WPF/E Becomes 'Silverlight:' Microsoft Takes on Flash Directly

Microsoft has obviously learned from the ActiveX experience, having discovered that Web developers aren't willing to invest their time in completely replacing their online assets for an incomplete technology, on the strength of a powerful brand and promises alone. Any migration a Web publisher makes from HTML/Flash to XAML/Silverlight must be gradual, incremental, staged.
Moreover, the manufacturer must address the Web developer whose skills were honed in graphic design, not programming. In prior years, Microsoft's strategy was to move all developers to Visual Studio, as if graphic arts was merely a surface veneer, beneath which the artists' inner mathematicians were just waiting to burst forth. The fact that the two skill sets are not shared among a single group of developers, is no longer something that's lost on Microsoft.
As Brian Goldfarb explained, "Today, the typical workflow for designers and developers working together is, the designer works in Photoshop, marks up a comp, throws it over the walls to the developer, who then implements that, shows it to the designer, and they go, 'Wait a second, that's not at all what I envisioned!' There's this sort of 'Lost in Translation Syndrome' that's going on."
The hope now is that both sets of tools - Expression and Visual Studio - can complement one another at one level, and interface at another.
"The designers are working in Expression Studio using the visual metaphors and interactive design elements that they're used to; the developers are working in Visual Studio using XAML directly and using code, but they're all working and collaborating on the same project," he remarked. "So no longer do they have a lost-in-translation issue; we do have a round-tripping story that eliminates some of these discrepancies and what happens in the modern process today.
"We don't want people to have to rip-and-replace. They can take their existing skills in HTML and JavaScript. They can take their existing skills with XAML, and bring all of those to bear on building these new media experiences and RIAs on the Web using Silverlight, and using common tools," outlined Goldfarb.

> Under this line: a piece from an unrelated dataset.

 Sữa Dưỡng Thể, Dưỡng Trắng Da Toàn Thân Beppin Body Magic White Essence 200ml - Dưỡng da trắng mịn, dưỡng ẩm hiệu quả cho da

Joining Microsoft this week at NAB will be three big-league partners - literally. Major League Baseball will be previewing a Silverlight application that presents a baseball fan with a dream environment for projecting statistics and video, in a rich, bubbling, liquid plasma of sports content. IPTV technology developer Brightcove will be showing off new rich media applications, presumably for both computers and set-top boxes, using Silverlight for both.

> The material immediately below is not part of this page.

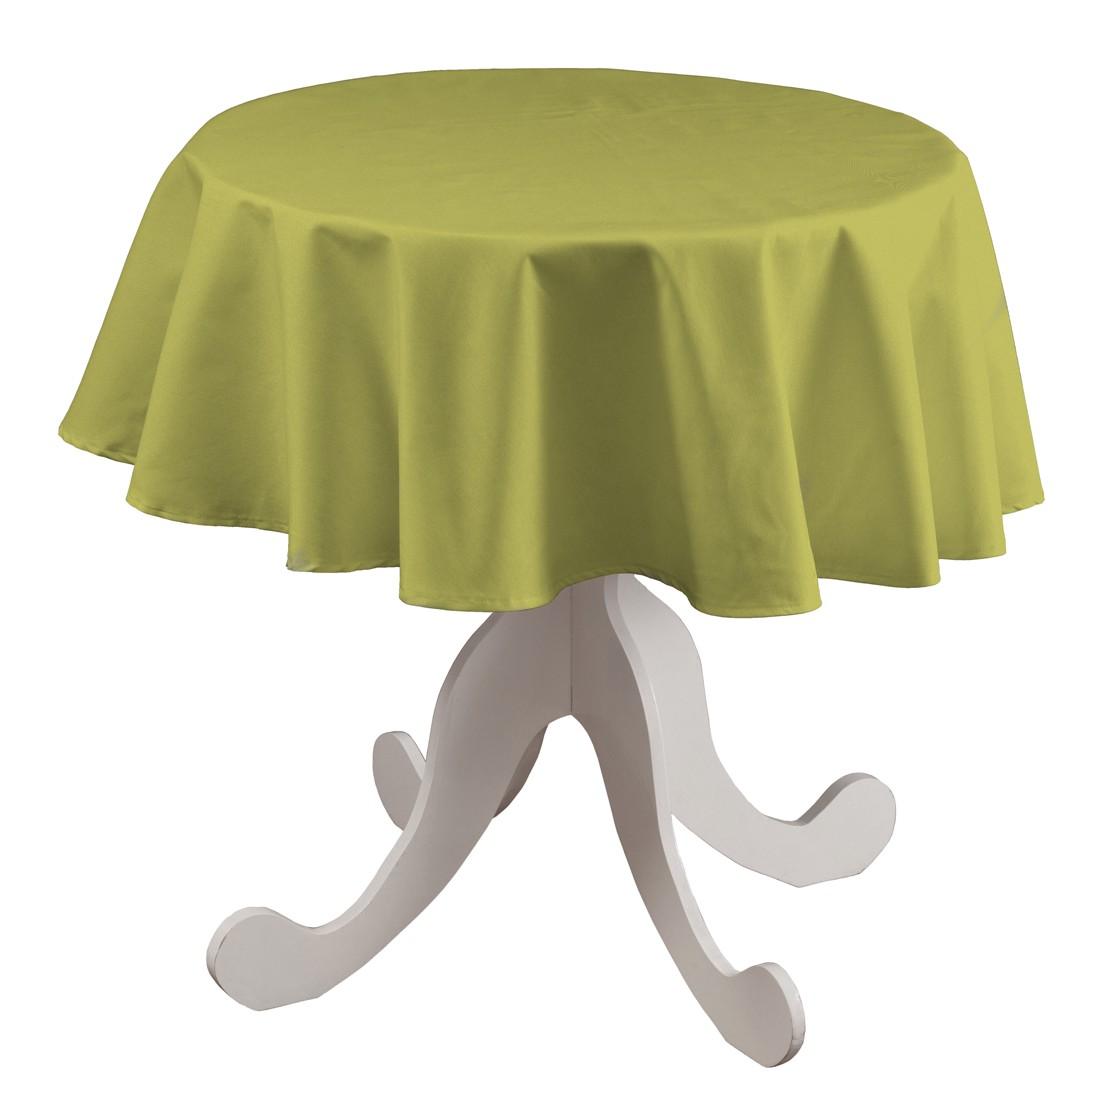 Tischdecke Loneta Rund – Olivgrün, Dekoria online bestellen

But perhaps most foretelling of the future of Silverlight on customers' systems will be a demonstration by advertising media developer Eyeblaster. Brian Goldfarb gave us some insight: "Today when you look at video ads, there's the standard pre-roll, 15-second clip, your one-minute CNN video, and then your 15-second post-roll clip. That's become the boring way of delivering advertising and video. Silverlight as a technology expands the capabilities of what you can do there, and that's why EyeBlaster is so interested, because they're looking at ways they can create contextualized advertising, embedded advertising, things that don't break apart the experience.
"So think about this: You're watching your favorite TV show on NBC, and up pops the little sparkly graphic at the bottom that says, 'Heroes,' and then advertises the next episode that's up for seven seconds, it's overlaid on top of your existing content, and it's completely seamless, and not really that intrusive," Goldfarb continued. "Silverlight has that capability for the Web, in changing the way that advertising and online video is integrated together. I think that is a super-compelling part of the story."

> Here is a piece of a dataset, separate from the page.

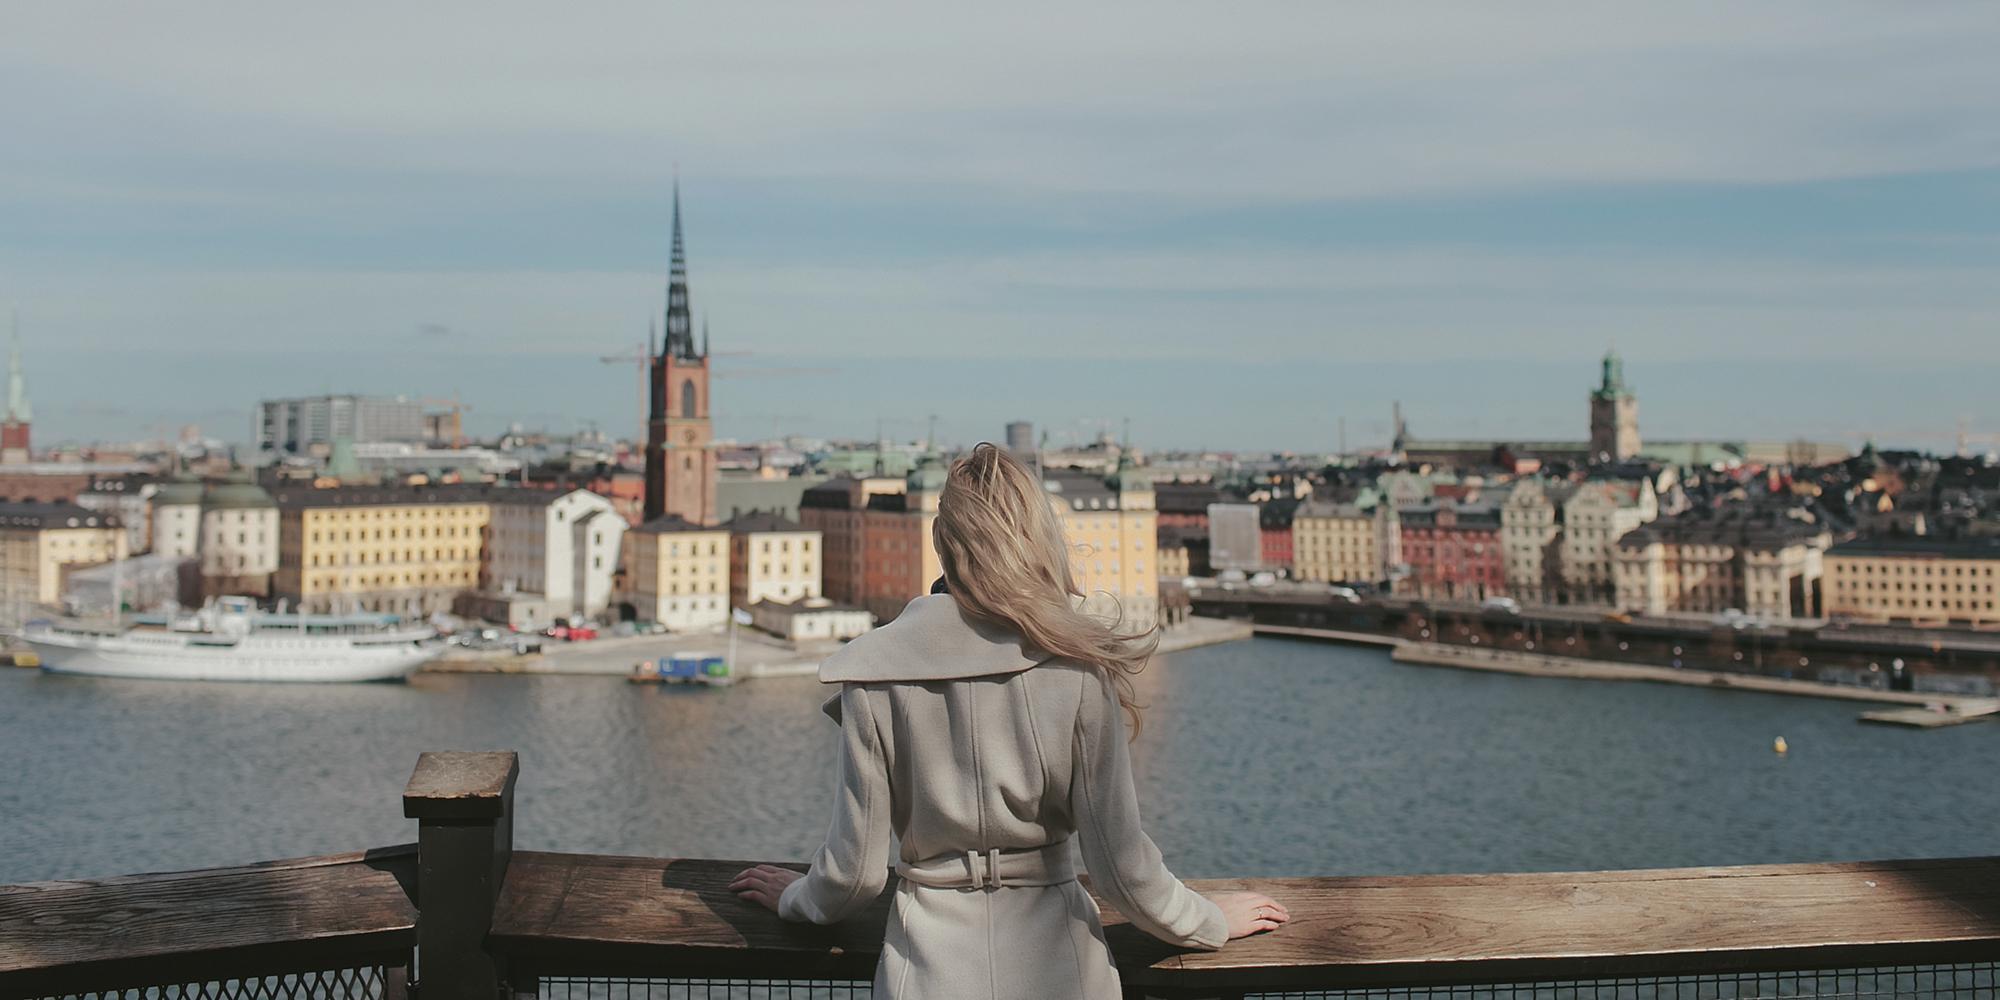 stockholm_2000х1000-1.jpg

Watching the relative performance of Silverlight in the ever-changing Web development market will be intriguing for a variety of reasons. Perhaps not since Money first went up against Quicken has Microsoft entered an established market as a challenger. But more importantly, Microsoft has an opportunity here to establish itself as part of the fabric of the Web without either the intent or the appearance of consuming the Web in one colossal gulp.
Flash isn't going away anytime soon, and however efficient or elegant Silverlight may turn out to be, it won't be perceived as the solution rescuing customers from a Flash-based debacle. Even if Silverlight succeeds, unless Adobe somehow collapses, it won't capture a typically Microsoft-sized, 95% market share.
Silverlight is the blue, fuzzy, nebulous story of Microsoft as a genuine competitor. It will be interesting to see how comfortable the company will be in this role.